Nature Photon. http://go.nature.com/qKGoRO (2012)
How many electrons can be kicked out of a xenon atom by an intense X-ray pulse? It seems the answer is more than theory would allow. Benedikt Rudek and colleagues have found unexpectedly highly charged xenon ions created in photo-ionization experiments using an X-ray free electron laser — the Linac Coherent Light Source (LCLS) at the SLAC National Accelerator Laboratory.

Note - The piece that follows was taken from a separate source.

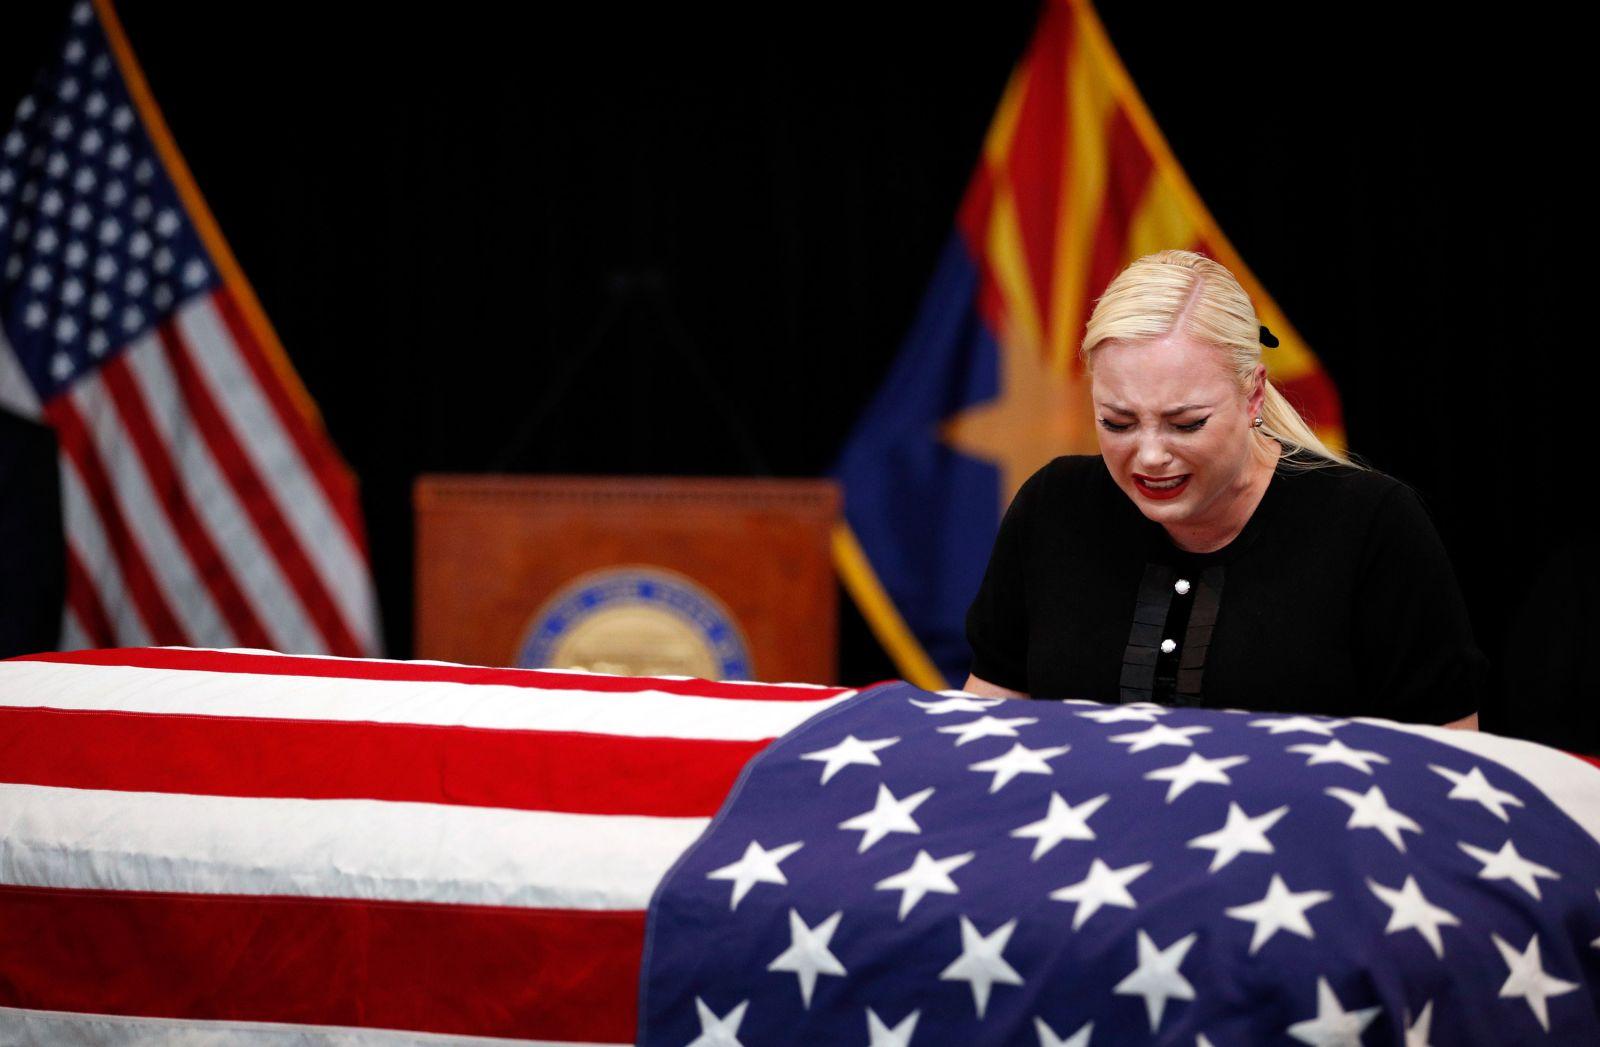 Meghan McCain, daughter of Sen. John McCain, cries at the casket of her father.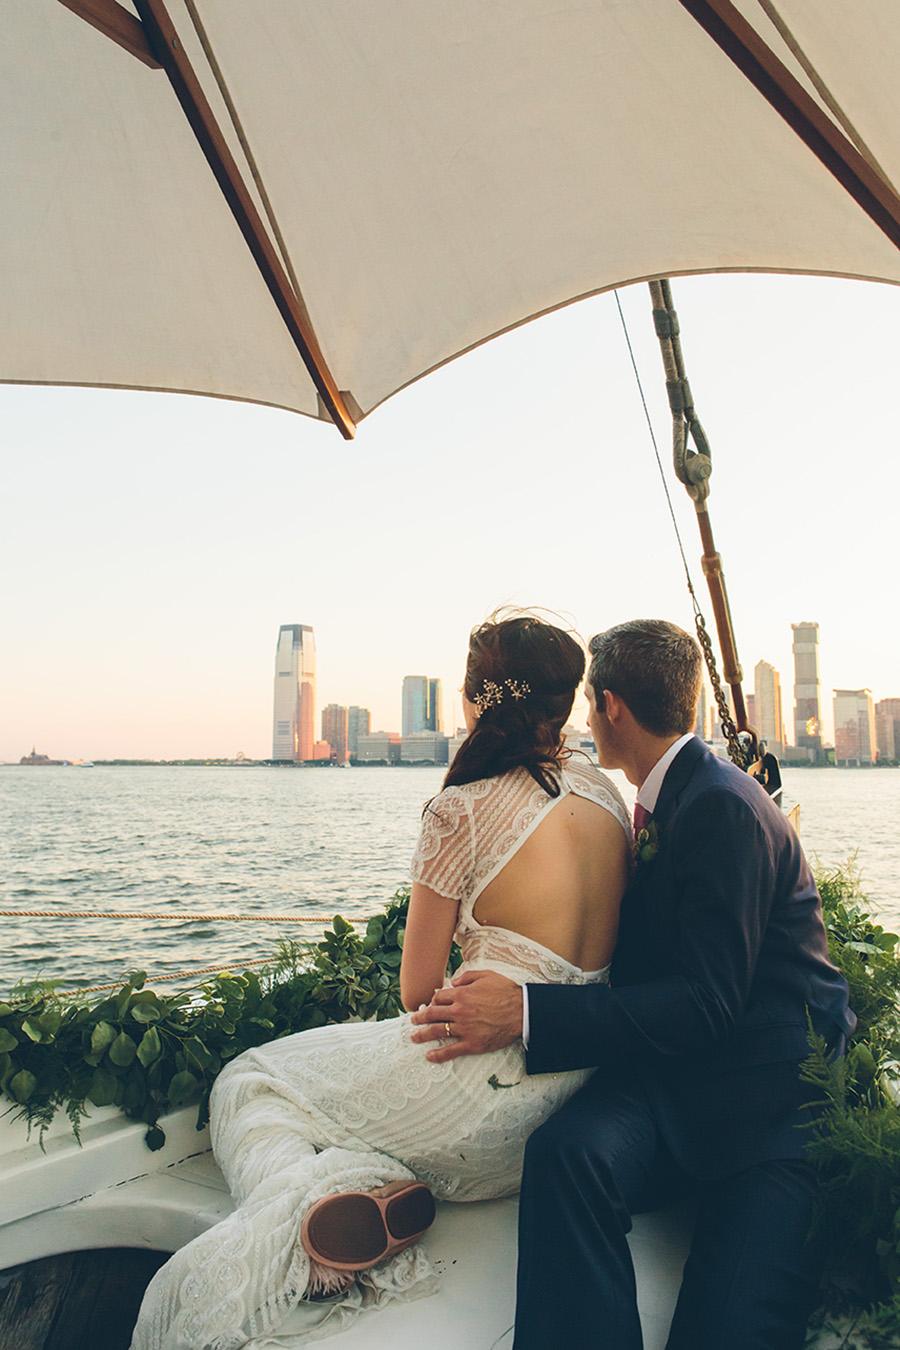 NEW-YORK-CITY-WEDDING-PHOTOGRAPHER-WEST-VILLAGE-GREENWICH-HOTEL-GRAND-BANKS-PIER-0098.jpg

A short 1.5-keV X-ray flash can eject up to 36 electrons from a xenon atom — that is, two thirds of the total number. However, a sequential ionization process of one-photon absorption steps would only account for the ejection of 26 electrons, and at 2 keV an ionization limit of 32 electrons is supported by both theory and observations. From a comparison of experimental data with new calculations, Rudek et al. suggest that a previously unknown absorption mechanism — transient and resonance-enhanced — is responsible for the generation of the unusually highly charged ions, explaining why this occurs only at a certain energy.
Rudek and colleagues predict that transient resonance-enhanced absorption is in fact a general mechanism for the intense X-ray-induced ionization of heavy atoms — which could have implications for the creation of very highly charged dense plasmas and the diffractive imaging of samples containing heavy atoms.